Spoof – If Abbie Hoffman were alive today.
Abbie Hoffman, a political and social activist, was a counter-culture hero who wrote a literary gem during my hippie days, entitled, Steal This Book. My best buddy Marco picked up a copy and learned several of its techniques for ripping off the establishment to garner freebees in return, for which he recruited my services to aid him in one of his nefarious adventures.
Early in the book, various scams described how to get free food, like going into a self-service cafeteria and finish the meal of someone who left a large quantity of food on their plates. Use of slugs in automats was another suggestion.
At “fancy sit-down restaurants,” grab a table with dishes remaining from the previous patron, and scoff up the leftovers real fast. When the waitress comes by with a menu, say you have to go outside for something and split.
As another swindle documented: after ordering a large, expensive meal and eating half of it, take a dead cockroach or piece of glass stashed away in a pocket and place it on the plate mixed in with the chow.
Make a scene by loudly calling for a manager and act insulted and humiliated, saying something like, “I could have been poisoned.” Refuse to pay for the meal and leave. Many times the establishment will attempt to talk you into accepting a new meal on the house for the inconvenience incurred.
Marco, nor I for that matter, weren’t very good actors and strayed away from the scene-making endeavors. One of the book’s “free-loading tricks” seemed more appealing to us, which entailed that we enter a diner at separate intervals and sit next to each other at the counter, acting like strangers.

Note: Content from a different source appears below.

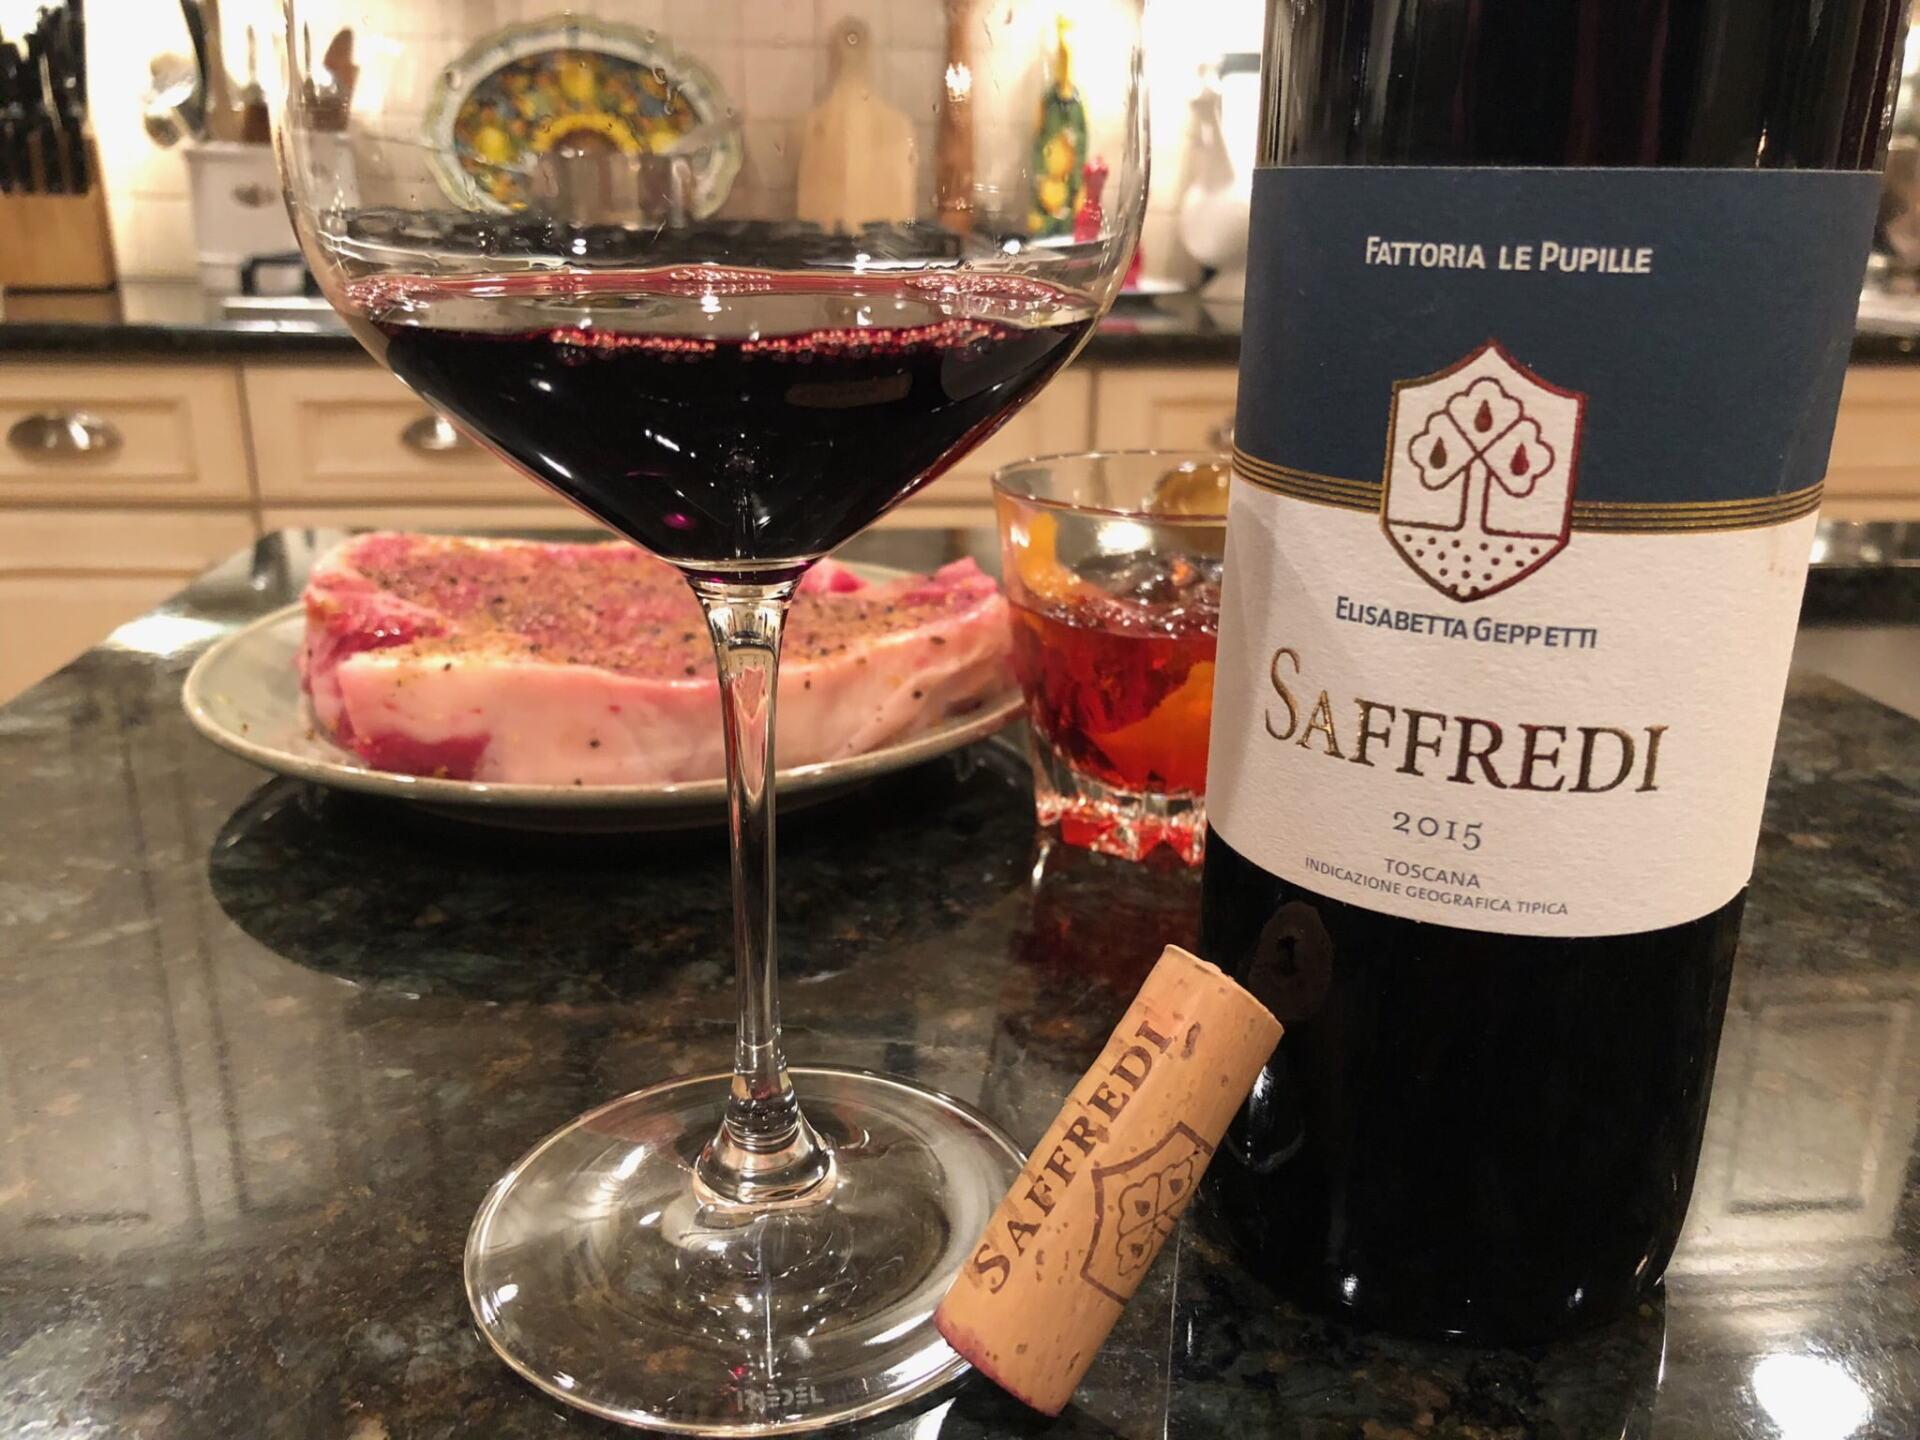 Bottle of red Tuscan Saffredi wine and a big steak

The first individual should have ordered a hefty meal and had it served before the second hooligan enters and sits next to the first, whereby the latter then orders a cup of coffee and a Danish, timing each other’s consumption so that the waitress will have placed the respective checks on the counter when both scoundrels were almost finished and telling her that will be all.
The one who had the large meal is to take the check of the one who had the smaller, bring it to the cashier and pay the lesser amount before leaving the premises. When the remaining accomplice gets ready to leave, he’ll call over the waitress to tell her there must have been some mistake with the check, stating he only should be charged for coffee and Danish, not for steak and lobster with a piece of chocolate-mousse pie.
Thinking we could pull it off, I played the part of the coffee-and-Danish guy, while Marco went in first to order his extravagant dinner. Watching from the car in the parking lot, I saw when his meal was served, waited about five or ten minutes before going in, and sat next to him before ordering.
Out timing was perfect. Both checks sat on the counter. Marco pick up one of them and proceeded to the register after leaving a decent tip. One of the instructions in Hoffman’s book was to never stiff the waitstaff.
In the corner of my eye, I caught Marco doing an about-face and heading to the men’s room. After several minutes of his not exiting the loo, I became a little concerned and picked up my check to end this charade.
My charges were for a coffee and Danish. Marco had picked up his own check inadvertently. Before paying, I went into the restroom to check on him, and no one was in there. He had pulled a disappearing act evidently by exiting out the window, for which I found him outside waiting for me.
I declined switching roles to get my part of the deal, never wanting to partake in another one of Hoffman’s schemes. So much for my life of crime. As my dad once said, “All I have to do is spit on the wrong side of the street, and I’d get caught.”
Happy Father’s Day, Pop, wherever on the other side you may be. I miss you!